In Florida, in April 1958, George was born to Joyce and George Waterfield Russell Sr. When he was just six months old, Joyce first abandoned him with his inattentive grandma when his parents divorced. When George was in junior high school, he brought him to Mercer Island, Washington, to live with her new husband when she remarried. According to sources, since he was a teenager, his abandonment issues and his parents’ carelessness have led him into the world of crime.
He had a lengthy criminal history, largely involving thefts and burglaries, and throughout his adolescence and early adulthood, he brazenly broke into houses while families were inside. According to reports, George would frequently stand next to the bed of sleeping women and silently observe them. Police then theorised that he was motivated by twisted sexual enjoyment in his actions. He allegedly ran into difficulty for truancy in 1971, but rather than receiving punishment, he was granted the chance to work at the Mercer Island Police Station.
He would later exploit this experience, according to the episode, to make women feel at ease around him as he frequented cocktail lounges in the Seattle area in quest of hookups. He apparently got caught impersonating a police officer and was expelled from the club. A few months after this encounter, he killed Mary. After a specialist in sexualized crime claimed the killings were the work of one person, the detectives focused their attention on him. After Mary’s semen matched his blood type, the suspicions gained ground.
Finding evidence linking George to the deaths of all three women was the main obstacle the detectives had to overcome. The missing rings from the bodies of Carol Bleethe and Randi Levine were ultimately connected to him. A pickup George rented the night Mary was killed had small blood spots on it, too, according to the forensics team. On September 12, 1990, he was taken into custody after the bloodstain that had been recovered matched the victim’s blood type. Although he boasted in phone interviews about being an admirer of Ted Bundy, George pleaded innocent to all charges.
Both the prosecution and defence called specialists in sexual homicide and behavioural profiling to testify during George’s trial in late 1991. Additionally, the prosecutors were successful in getting the contentious DNA results for the blood, semen, and hair stains admitted into evidence. Famous FBI behaviourist John Douglas testified that he discovered a pattern in all the rapes and killings, and that the near proximity of all three homicides led to a single offender.
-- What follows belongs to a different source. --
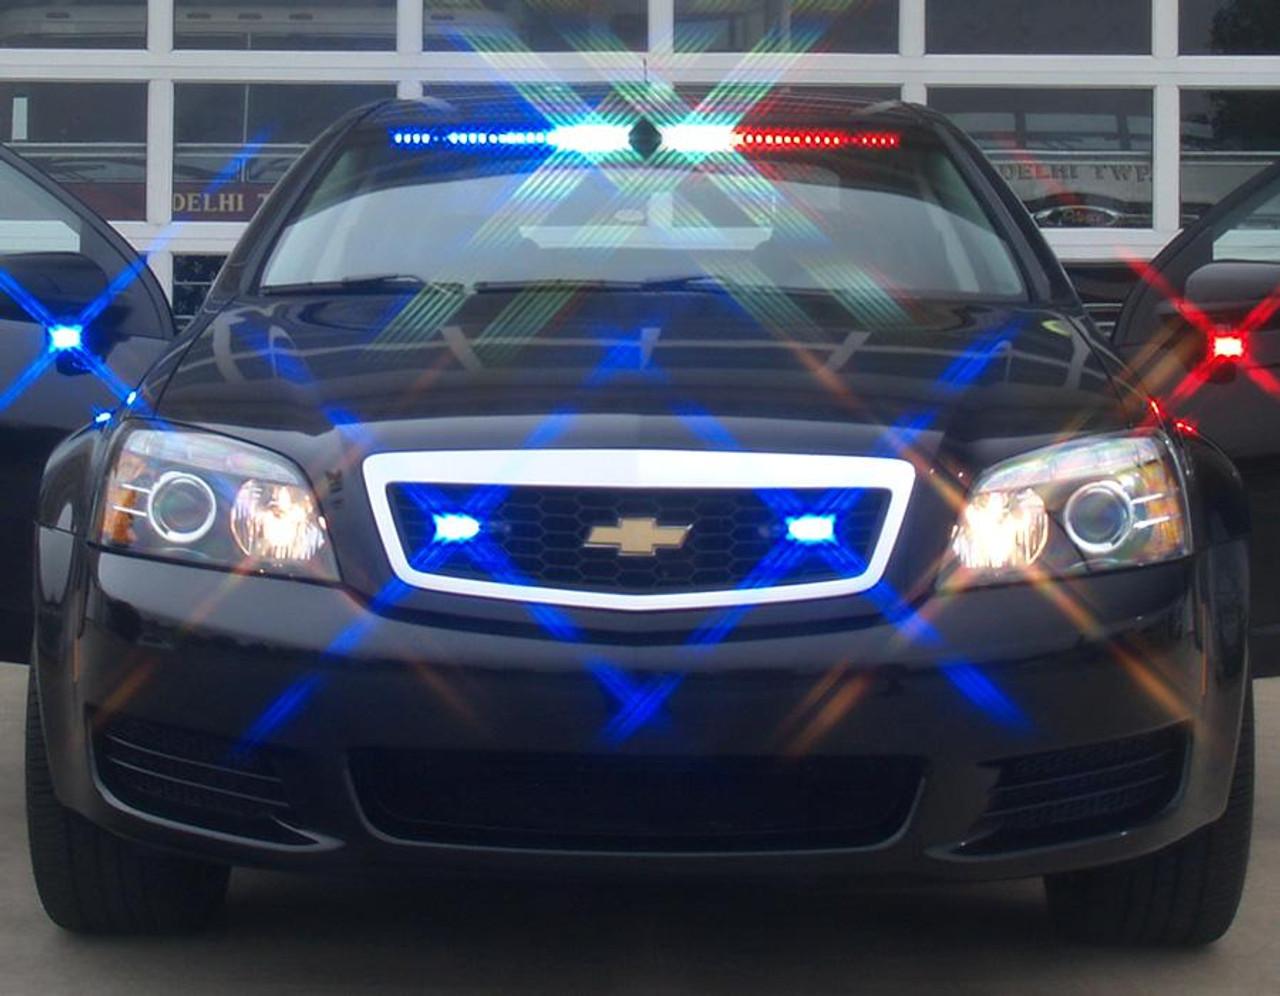 Sound Off Chevy Silverado N Force Interior Front Facing Led Light Bar Single Color Or Dual Color Per Lighthead Enfwbf
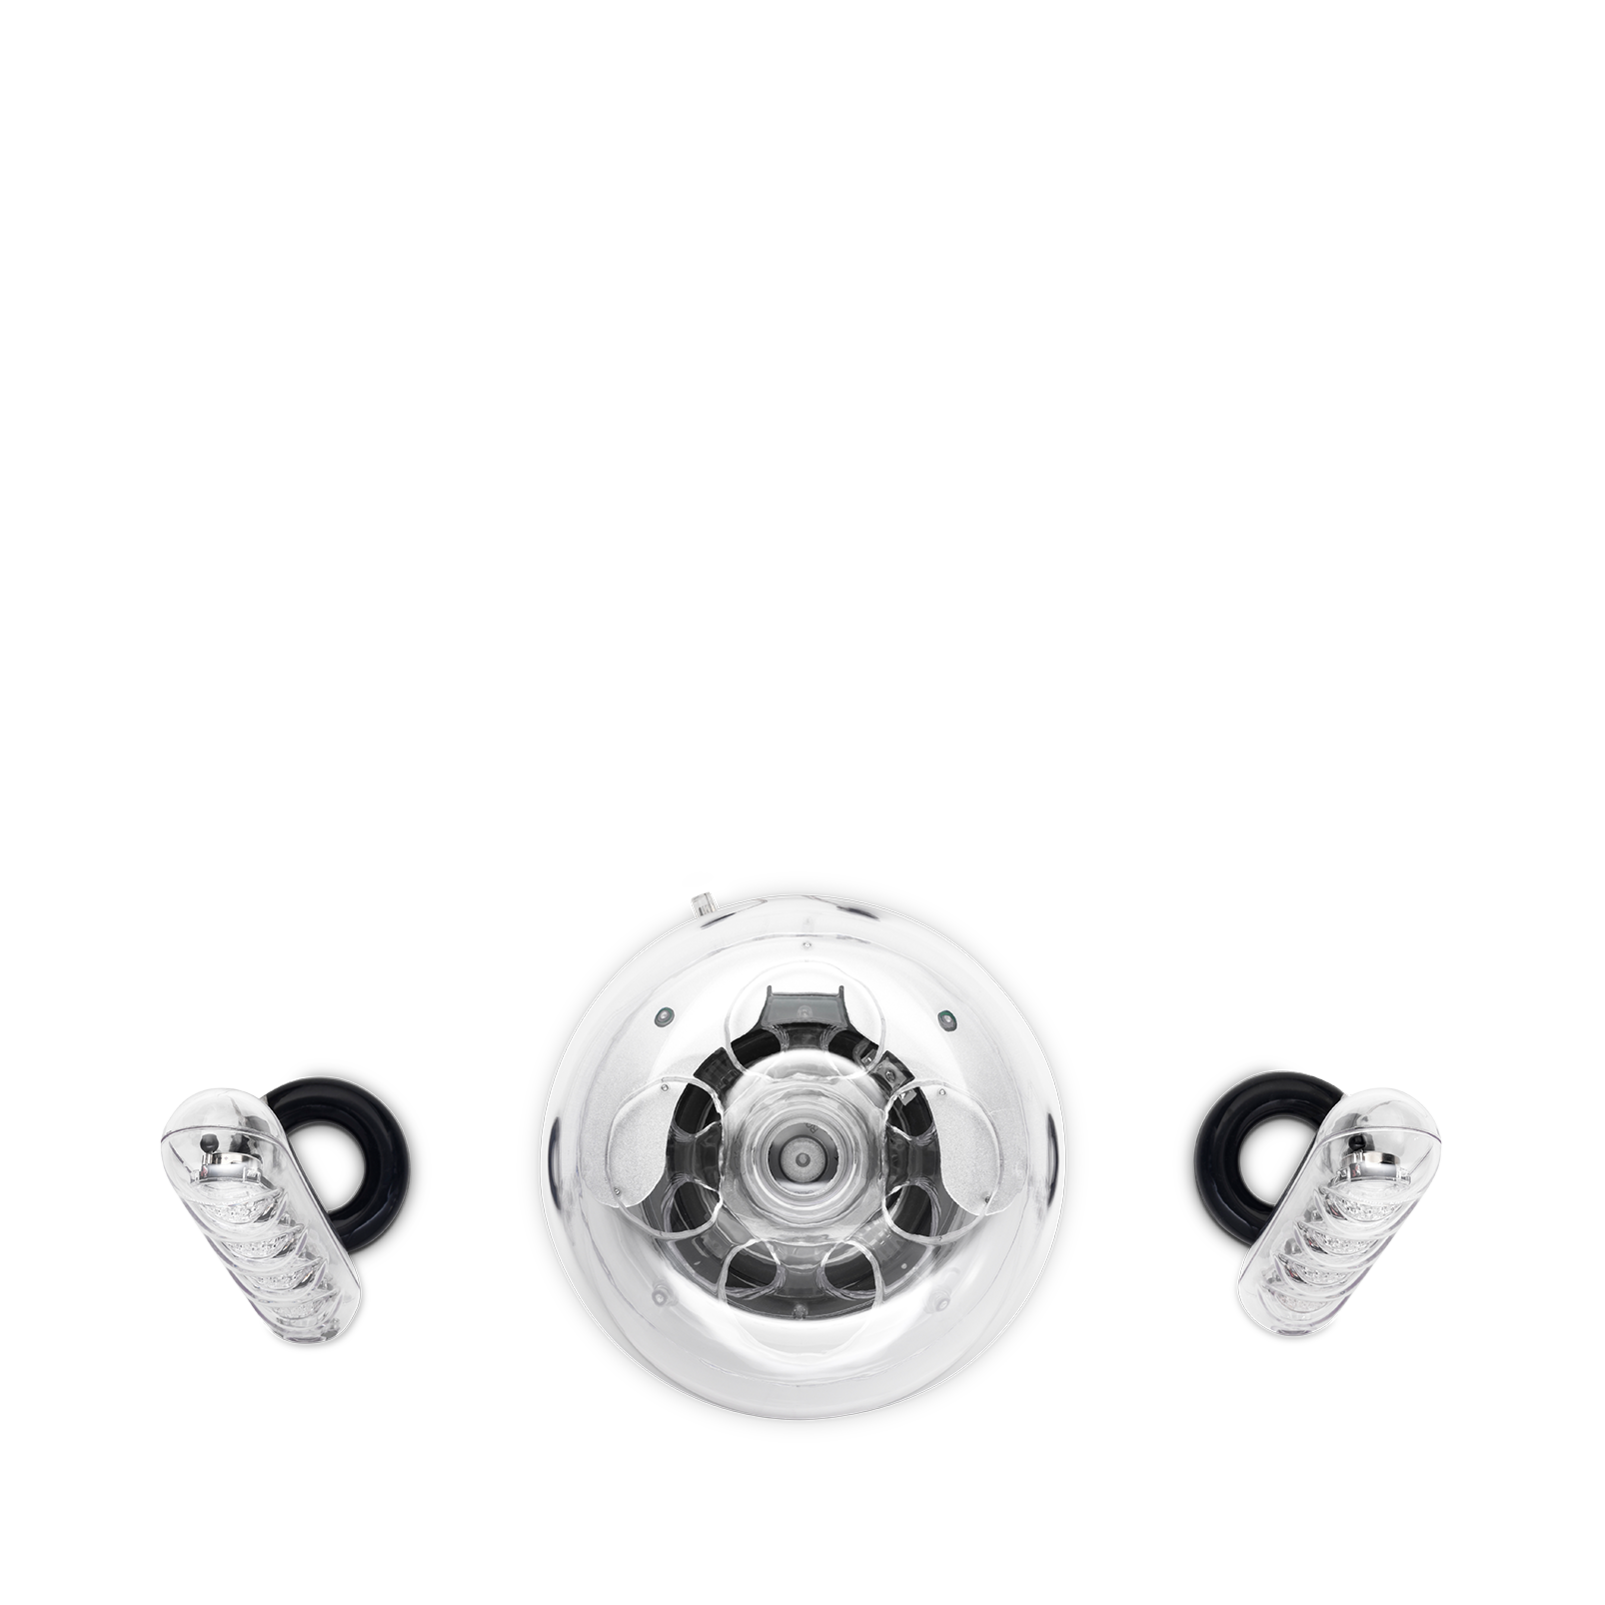 SoundSticks III - Clear - Three-piece, 2.1-channel multimedia sound system - Detailshot 3

The testimony made it possible for the jury to determine beyond a reasonable doubt and circumstantial evidence that the three corpses were all the distinct “signature” of a single sociopathic killer. In November 1991, George was convicted responsible for two charges of aggravated first-degree murder in addition to one count of first-degree murder. He received two life sentences with an additional 28 years from the court. The 65-year-old is currently a prisoner in the Clallam Bay Corrections Centre, according to court records.